El ordenador consciente utilizó este acceso sin precedentes al núcleo de la información, aisló a Jerjes y se apoderó del planeta al instante. Para derrocar al Imperio Antiguo, Barbarroja había programado las máquinas pensantes con la posibilidad de ser agresivas, y así tener un incentivo para la conquista. Con su nuevo poder, la recién creada entidad, después de autobautizarse Omnius, conquistó a los titanes y tomó el mando, tanto de cimeks como de humanos, en teoría por su bien.

Agamenón se había maldecido por no vigilar con más constancia a Jerjes, y por no ejecutarle sumariamente cuando se conoció su negligencia.

La conquista se había esparcido como una reacción nuclear, antes de que los titanes pudieran avisarse entre sí. En un abrir y cerrar de ojos, los planetas dominados por los titanes se convirtieron en Planetas Sincronizados. Nuevas encarnaciones de la supermente brotaron como malas hierbas electrónicas, y el dominio de las máquinas pensantes fue una realidad.

Los sofisticados ordenadores habían descubierto ínfimos defectos en la programación de Barbarroja, lo cual les permitió poner trabas a los antiguos gobernantes. Todo porque Jerjes les había abierto la puerta. Un acto imperdonable, en opinión de Agamenón.

Las naves cimek dejaron atrás las estaciones orbitales, que estaban siendo atacadas con proyectiles explosivos por naves de guerra robóticas.

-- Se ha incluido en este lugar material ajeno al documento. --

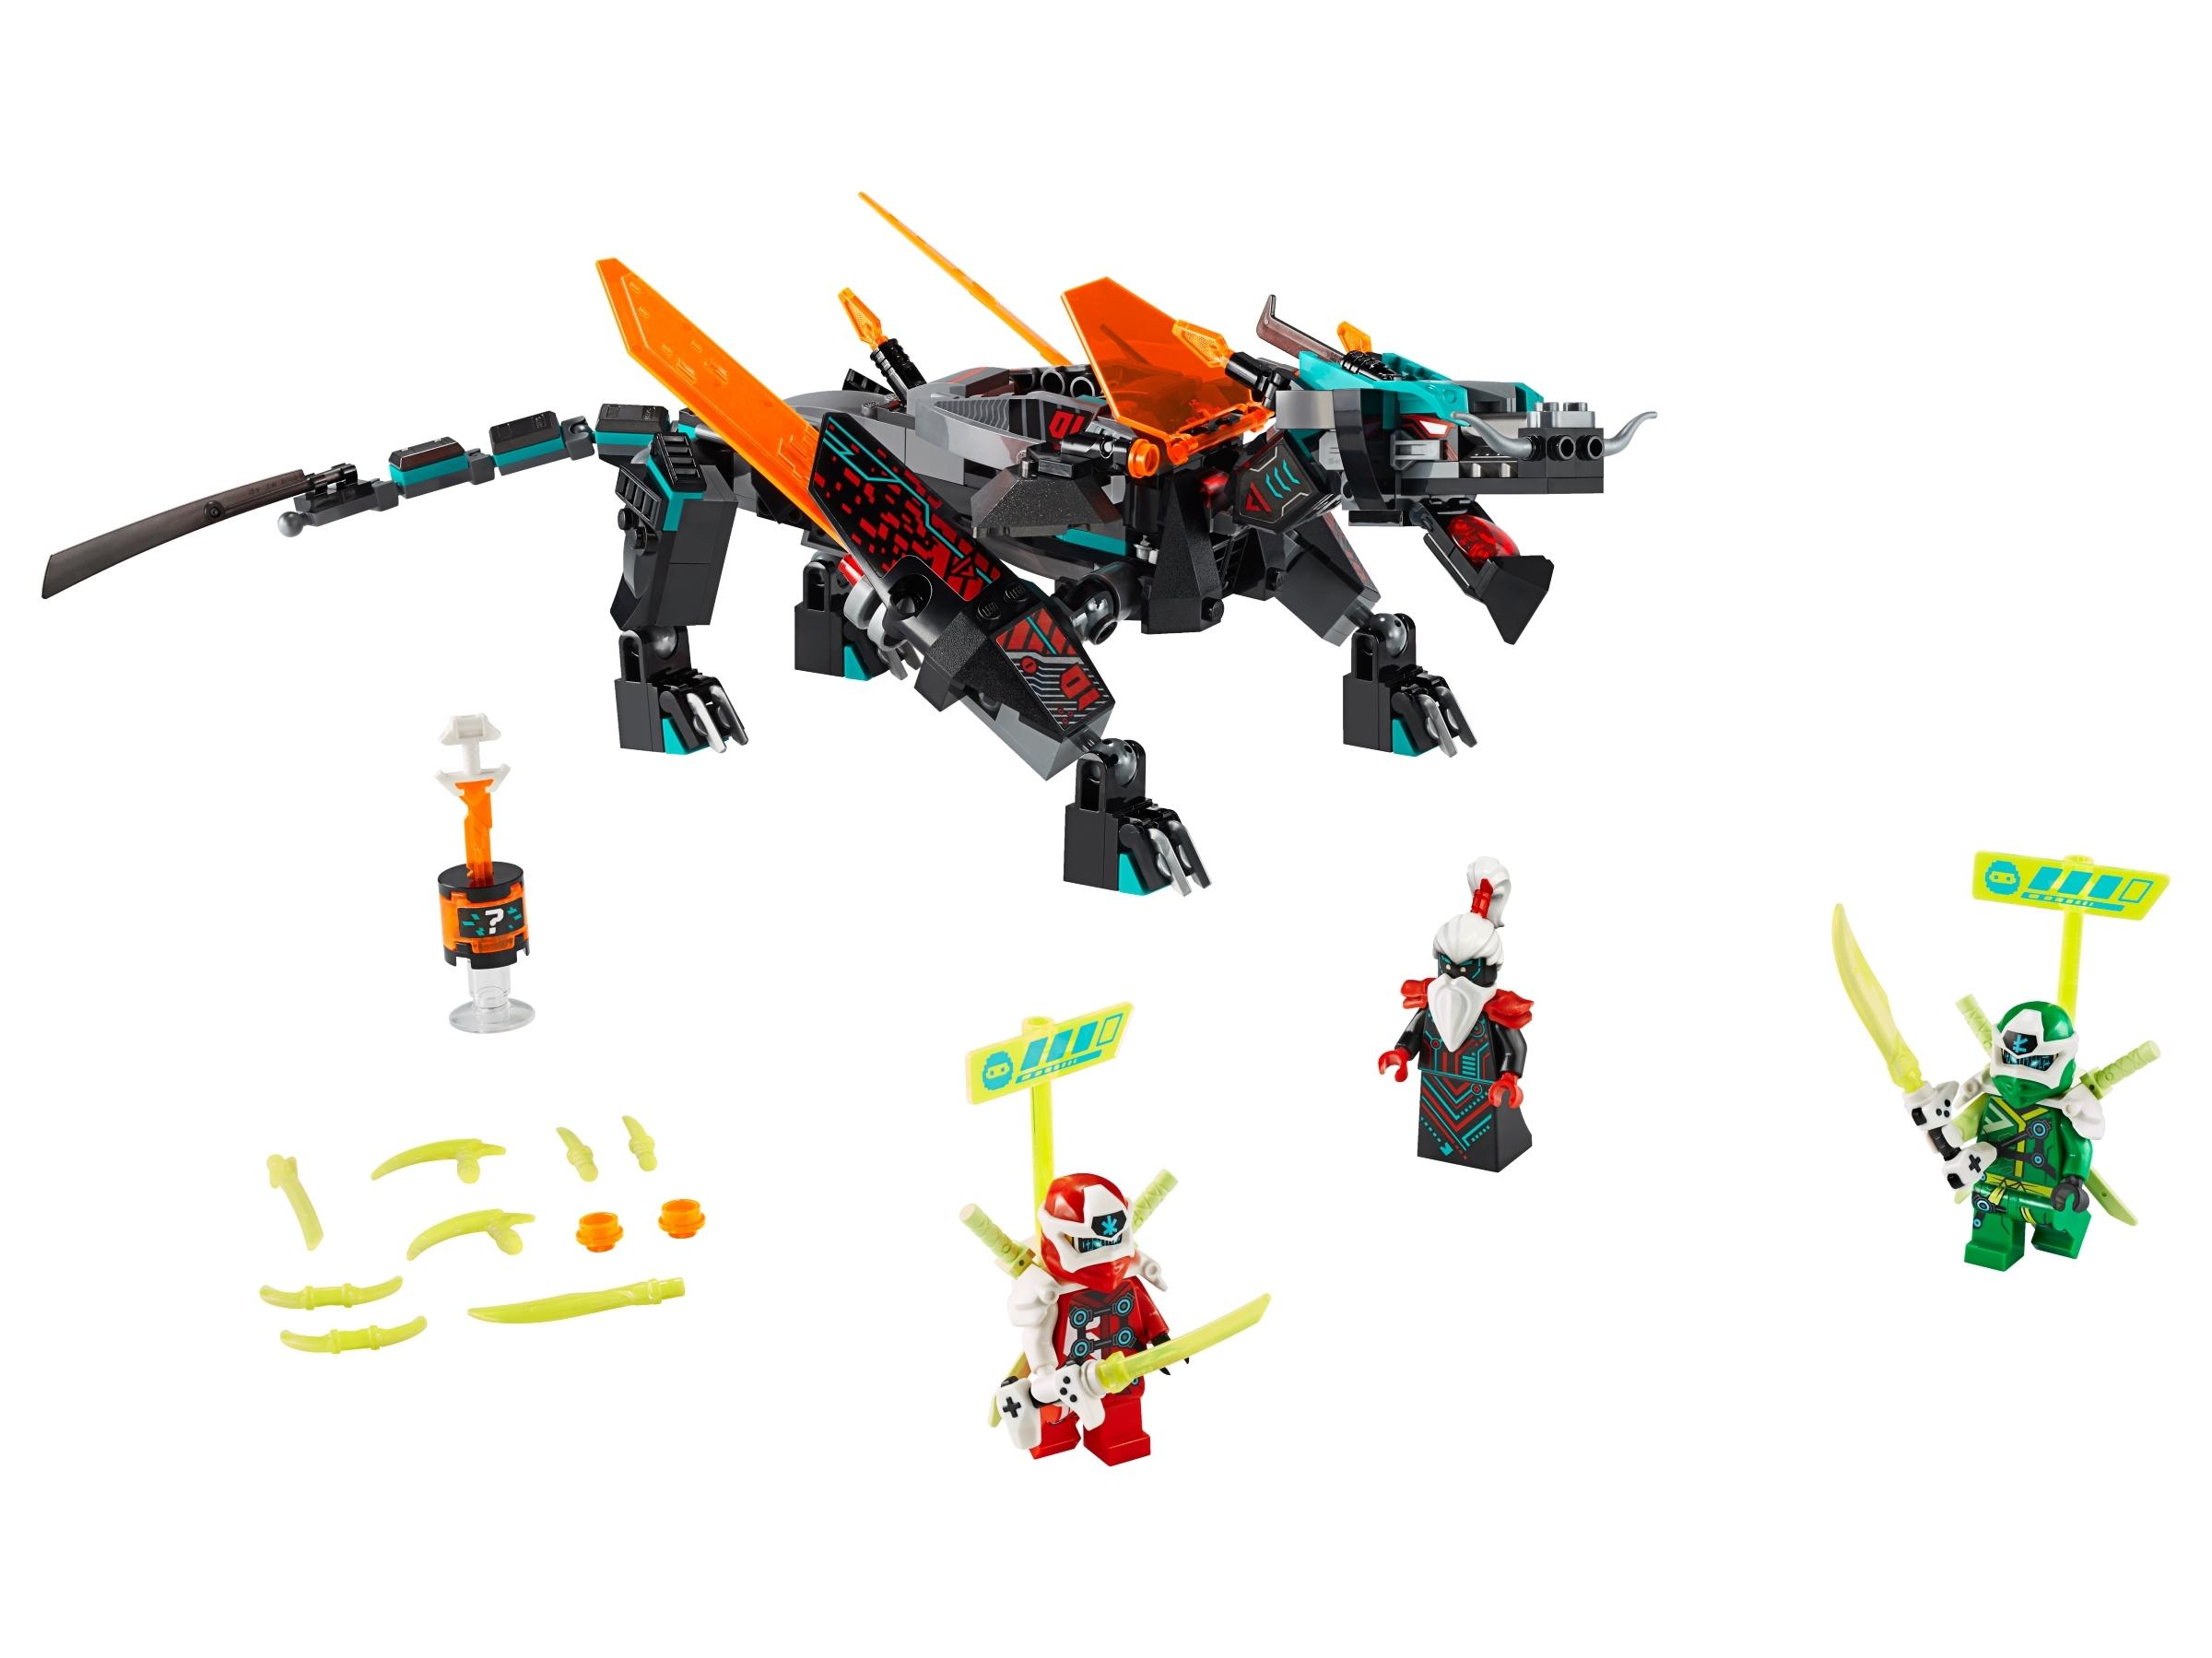 Threetush Ninjago Building Blocks Toys Minifigures with Accessories for Kids Set 12 Pcs Party supplie Dragon spinjitzu Spinners Ninjago citys

El planeta les aguardaba desprotegido, una bola gigantesca sembrada de nubes con continentes ennegrecidos, volcanes activos, mares ponzoñosos y exuberantes extensiones de selva púrpura y viviendas humanas.

—Buena suerte, amor mío —dijo la voz sensual de Juno por su frecuencia privada. Sus palabras provocaron un hormigueo en los contornos del cerebro de Agamenón.

—No necesito suerte, Juno. Necesito la victoria.

Cuando empezó el inesperado ataque, un puñado de naves de guerra y kindjals blindados despegaron del dosel selvático polimerizado para colaborar en la defensa espacial. Las plataformas orbitales ya estaban padeciendo graves daños.

Al tiempo que convocaba a su grupo de pupilas, Zufa Cenva agarró a Aurelius Venport, consciente de que podía realizar una serie de tareas.

—Demuéstrame tu capacidad de liderazgo. Evacua a la gente. No tenemos mucho tiempo.

Venport asintió.

—Los hombres hemos desarrollado un plan de emergencia, Zufa. Vosotras no erais las únicas que pensabais en el futuro.

Si esperaba algún tipo de alabanza o felicitación por parte de ella, se llevó una decepción.

—Adelante, pues —dijo la hechicera—. El ataque contra nuestras estaciones orbitales es solo el principio, una simple maniobra de distracción. Los cimeks aterrizarán de un momento a otro.

—¿Cimeks? ¿Alguna de las naves de reconocimiento…?

—¡Piensa, Aurelius! Heoma mató a un titán en Giedi Prime. Saben que poseemos un arma telepática secreta. Este ataque no es casual. ¿Qué les interesa de Rossak? Quieren destruir a las hechiceras.

Venport sabía que Zufa tenía razón. ¿Por qué se preocuparían las máquinas pensantes por las plataformas orbitales? Intuyó que muchos otros presentían también el peligro. Percibió el pánico que se estaba propagando entre los habitantes de las cavernas.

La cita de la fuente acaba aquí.